• [What you have to do] Find the line below with "Valentines Gift Ideas For College Students" and the line with "Pin on College kids". Output exactly those lines and everything between them, leaving out the pictures.

━━ Data records ━━

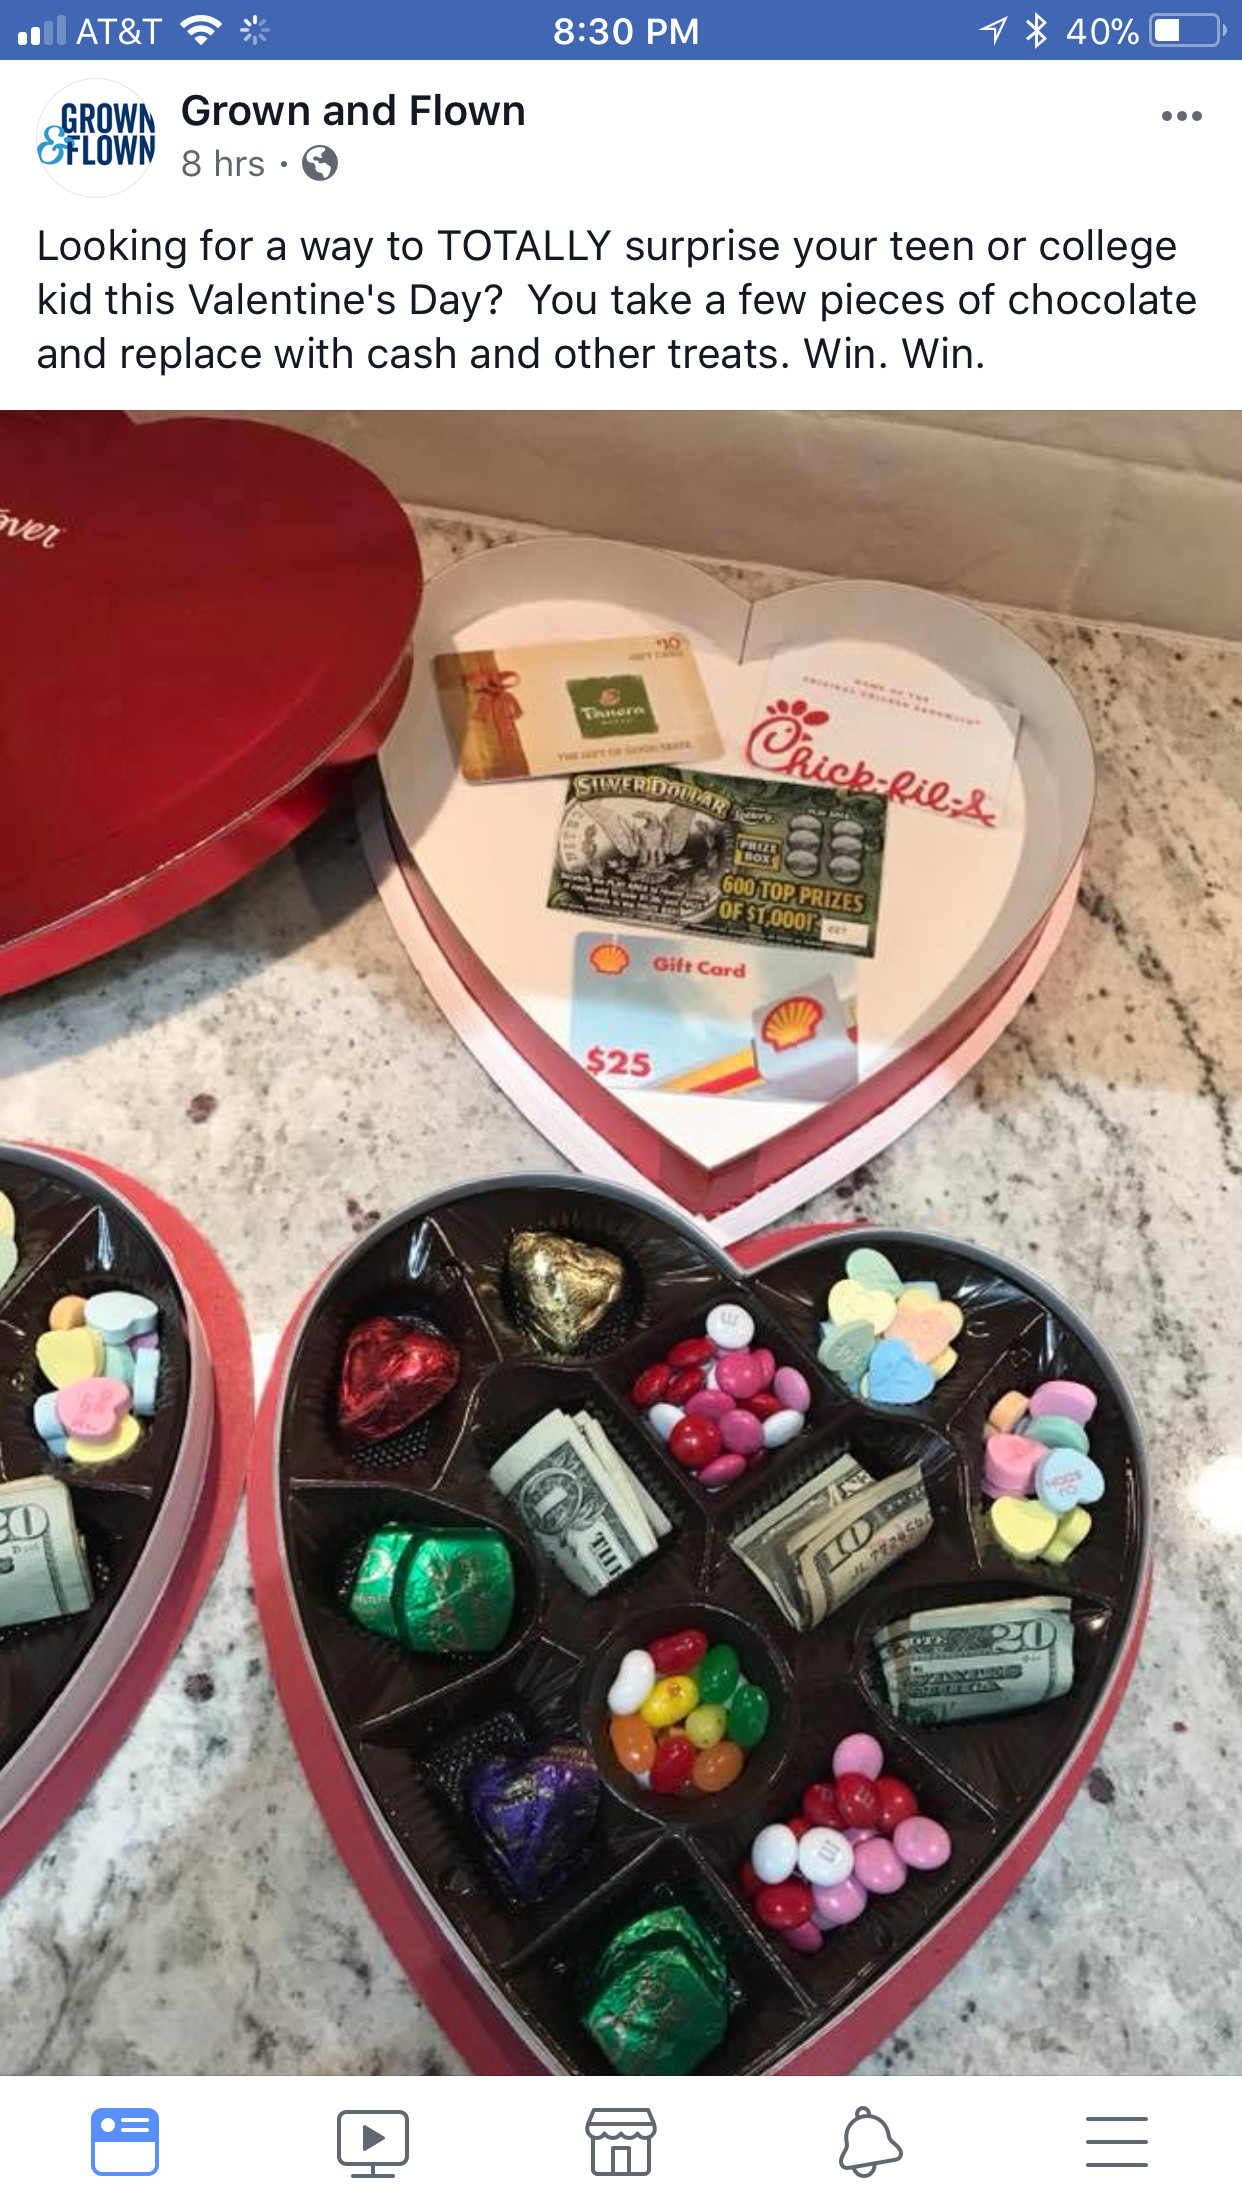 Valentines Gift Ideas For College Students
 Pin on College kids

━━━
━━ Data records ━━

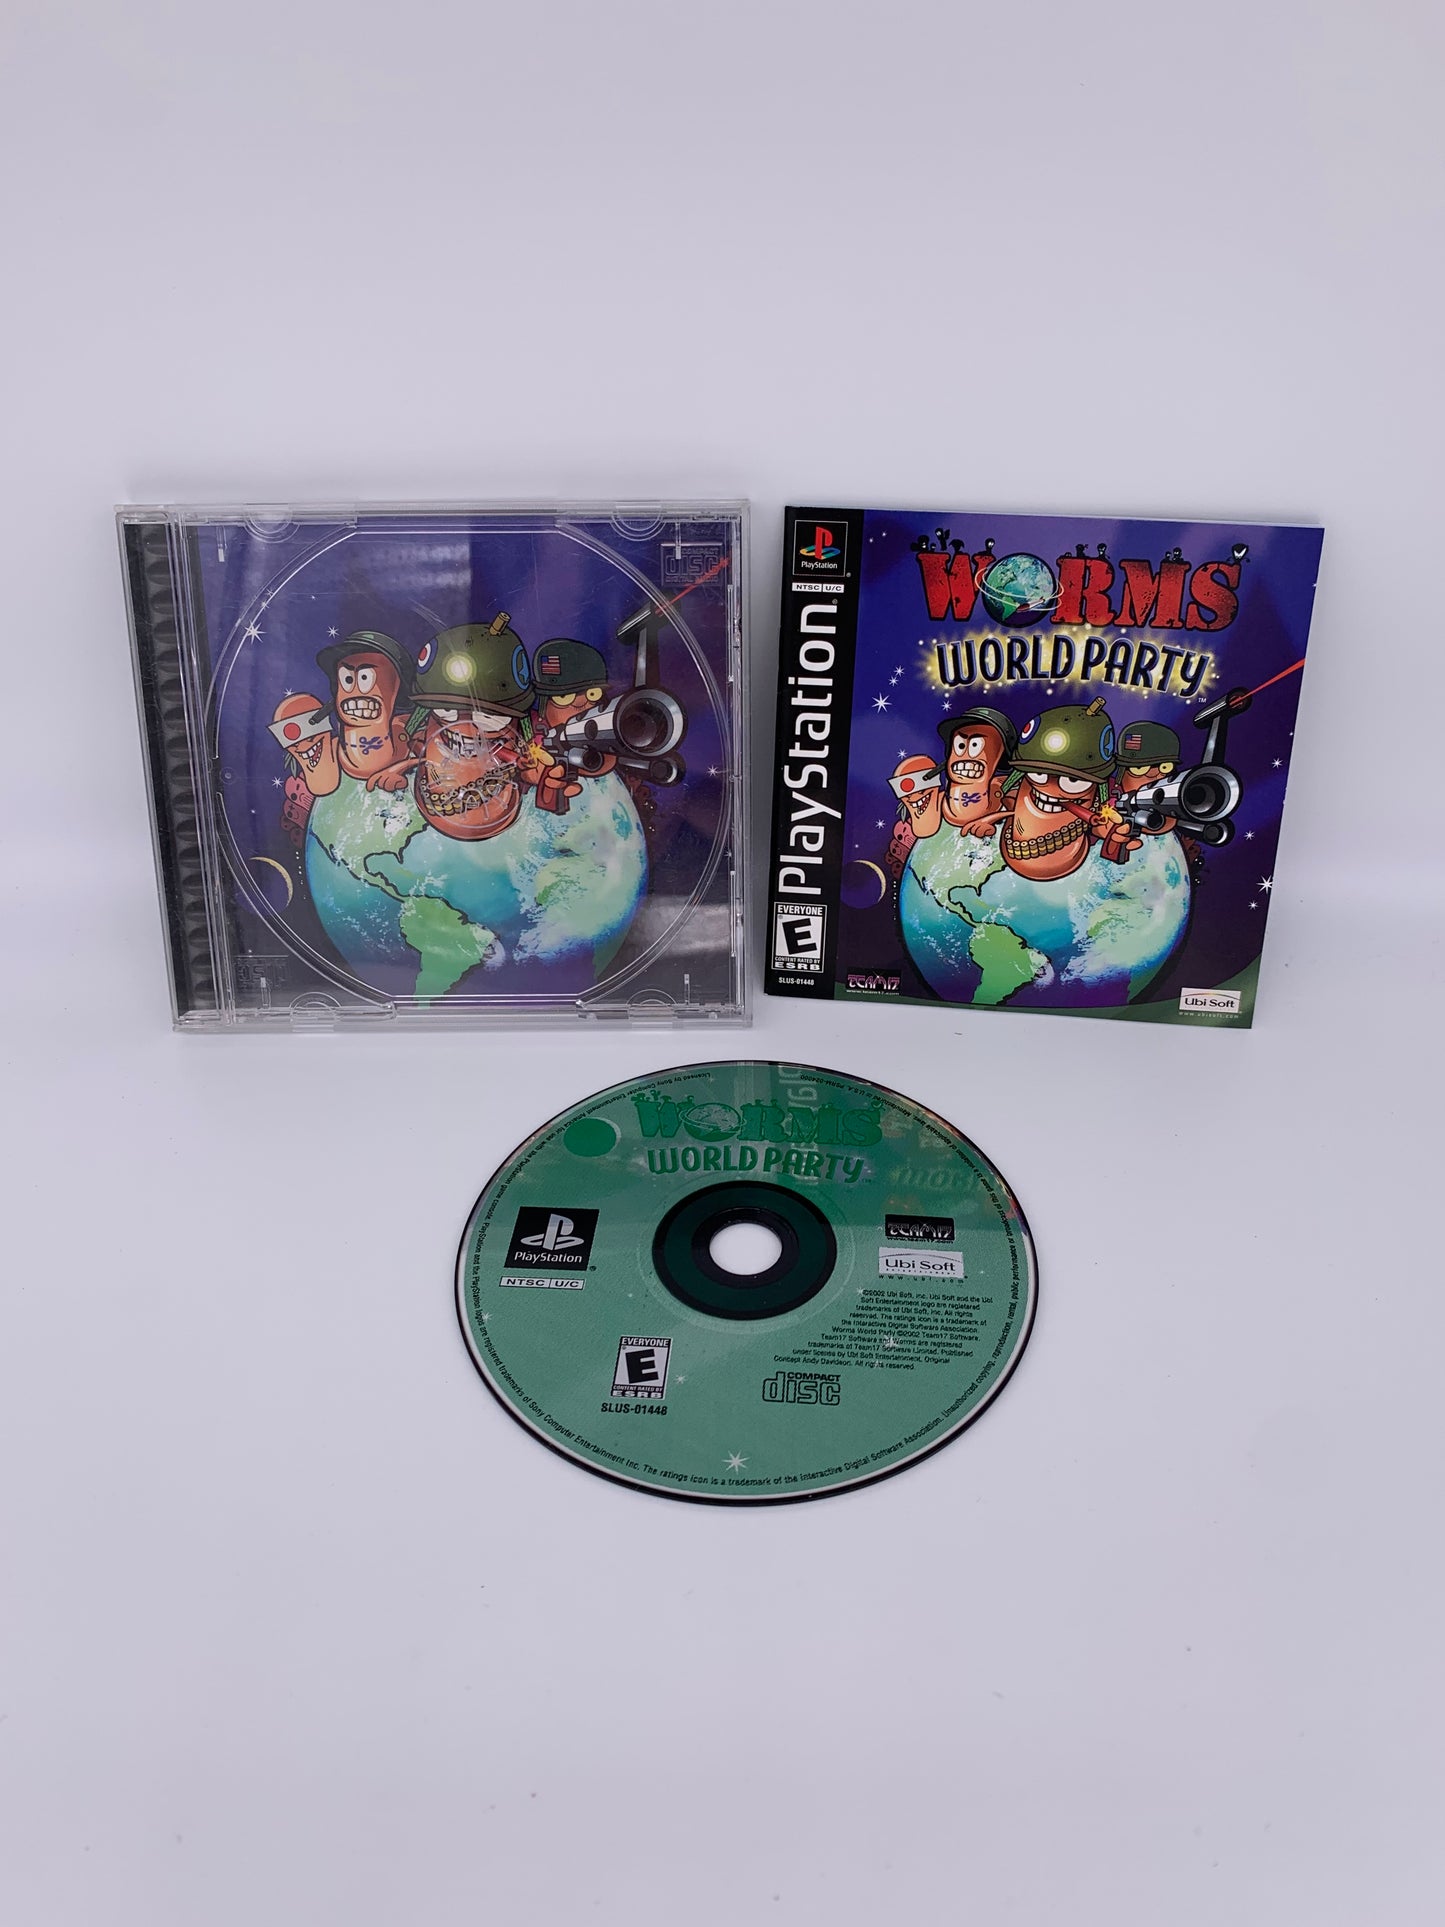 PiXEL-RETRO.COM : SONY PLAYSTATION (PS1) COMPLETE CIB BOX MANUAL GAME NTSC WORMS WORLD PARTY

━━━
━━ Data records ━━

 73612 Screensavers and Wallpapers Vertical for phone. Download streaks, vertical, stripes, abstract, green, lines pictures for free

━━━

• [Written solution]
 Valentines Gift Ideas For College Students
 Pin on College kids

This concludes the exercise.